= Cassotto =

Sound chamber in some accordions

A cassotto is a 'sound chamber' within some more expensive accordions that contains one or more reed blocks of the treble side of the instrument. The sound of a cassotto register is warmer, less sharp than that of a register with unenclosed reeds.

==Technology==
The cassotto enclosure works as a passive frequency filter, attenuating higher frequencies and reinforcing lower ones (resonance). Instruments with cassotto have a sound quality distinctly different from instruments without.

Usually only some reed blocks are placed in the cassotto enclosure, typically for low reed sets 16' and/or 8'. The remaining treble reed blocks are mounted straight.

The firm Öllerer built a diatonic instrument with cassotto without register switches and two 8' (M) reed sets. Making a cassotto for diatonic instruments is quite more difficult due to the different reed plate arrangement. For chromatic accordions, a cassotto does not perform equally in every tone. On piano keyboards, the reed plates for black keys are usually located closer to the filling than those for most white keys. On chromatic button keyboards, two reed sets are typically distributed across 3 or 2 reed blocks (the latter solution often requiring particularly slim reed plates). The cassotto effect tends to be stronger the further the reed plates are from the filling.
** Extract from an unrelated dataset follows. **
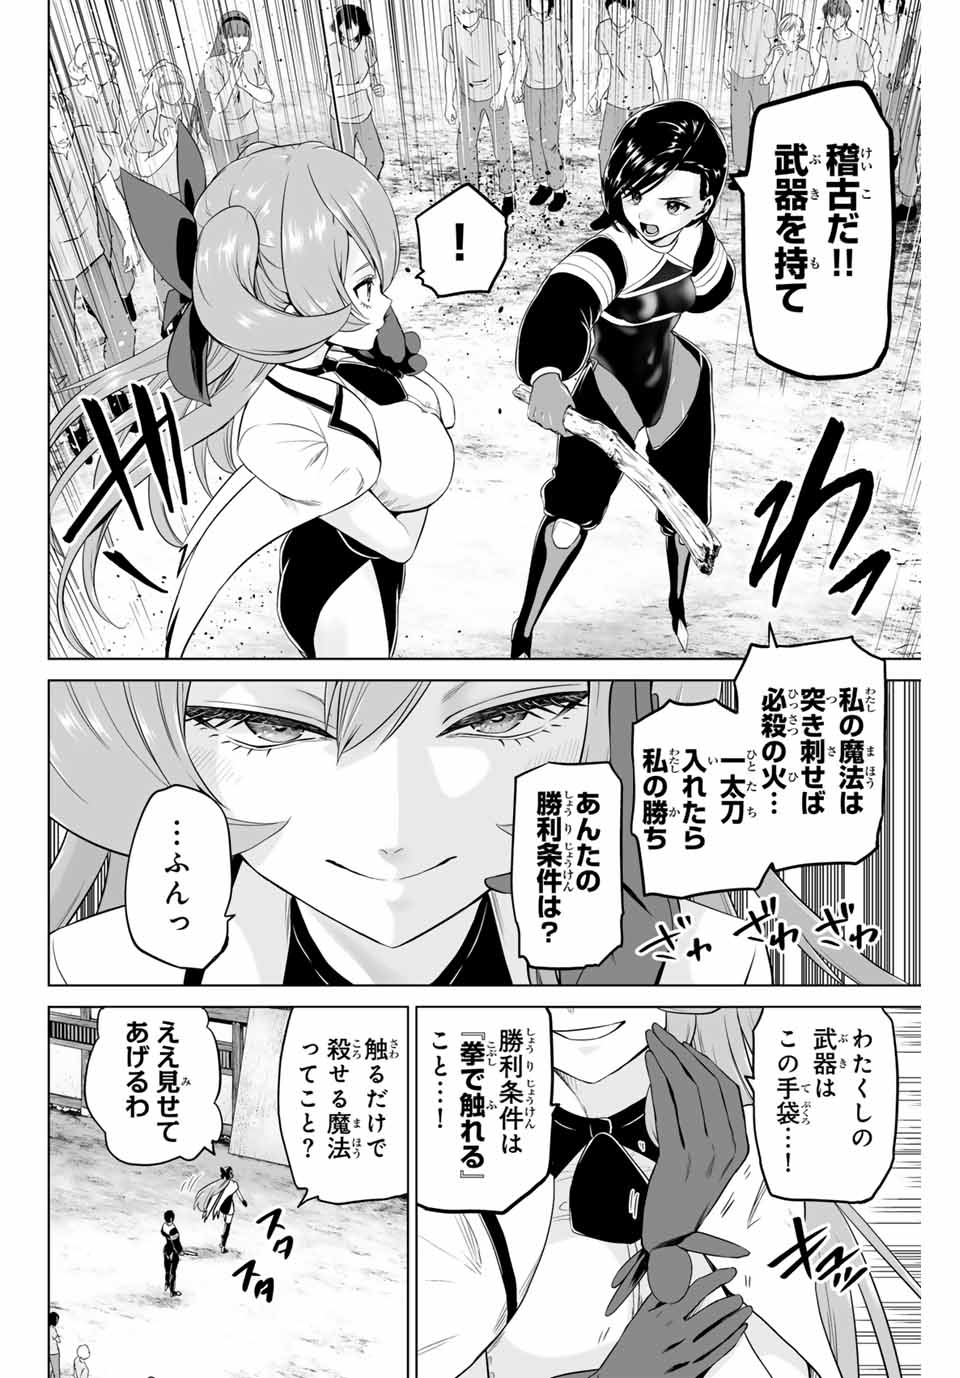 Gunshin No Takuto - Chapter 21 - Page 4

Cassotto registers are only available on few (and usually higher quality) accordion models. Especially famous are the Beltuna, Pigini, Bugari and Öllerer models. In traditional German accordion making, the cassotto barely plays a role. One can find only a few cassotto registers in German accordions, but they can be found in the Hohner Morino and Gola models, and the Harmona (Klingenthal) Cassotta, Supra & Supita models.

There is a special construction in the Weltmeister Cassotta (374 + 414), also known as "Klingenthaler Spezialcassotto" or "Füllungscassotto". In those models the reed blocks are arranged in one plane like with ordinary accordions. The effect of cassotto is produced by a small "canopy" ("Vordach") under the treble hood forming the cassotto hollow. An advantage of this construction is that reed plates are better accessible for tuning than with a traditional cassotto construction.

==Sound==
The effect of a cassotto is less pronounced with various instruments. The impact is therefore also not commonly evaluated. An individual assessment is required for each instrument. Oftentimes the cassotto sounds will be described as warm and chubby. Due to the filter effects, there are few strong, pronounced overtones.

There is some interaction between the types of sound materials and the cassotto.

Frequencies between 500 Hz and 1000 Hz will be strengthened in general, but not evenly. Some frequencies will stand out more than others, over 1000 Hz everything will be rather subdued.

The sound effects of the cassottos can be described as:
- The sound interference effect, corresponds to a spoken "o" or "a"
- The muffled sounds, in contrast, correspond to an "o" or "a" with umlauts.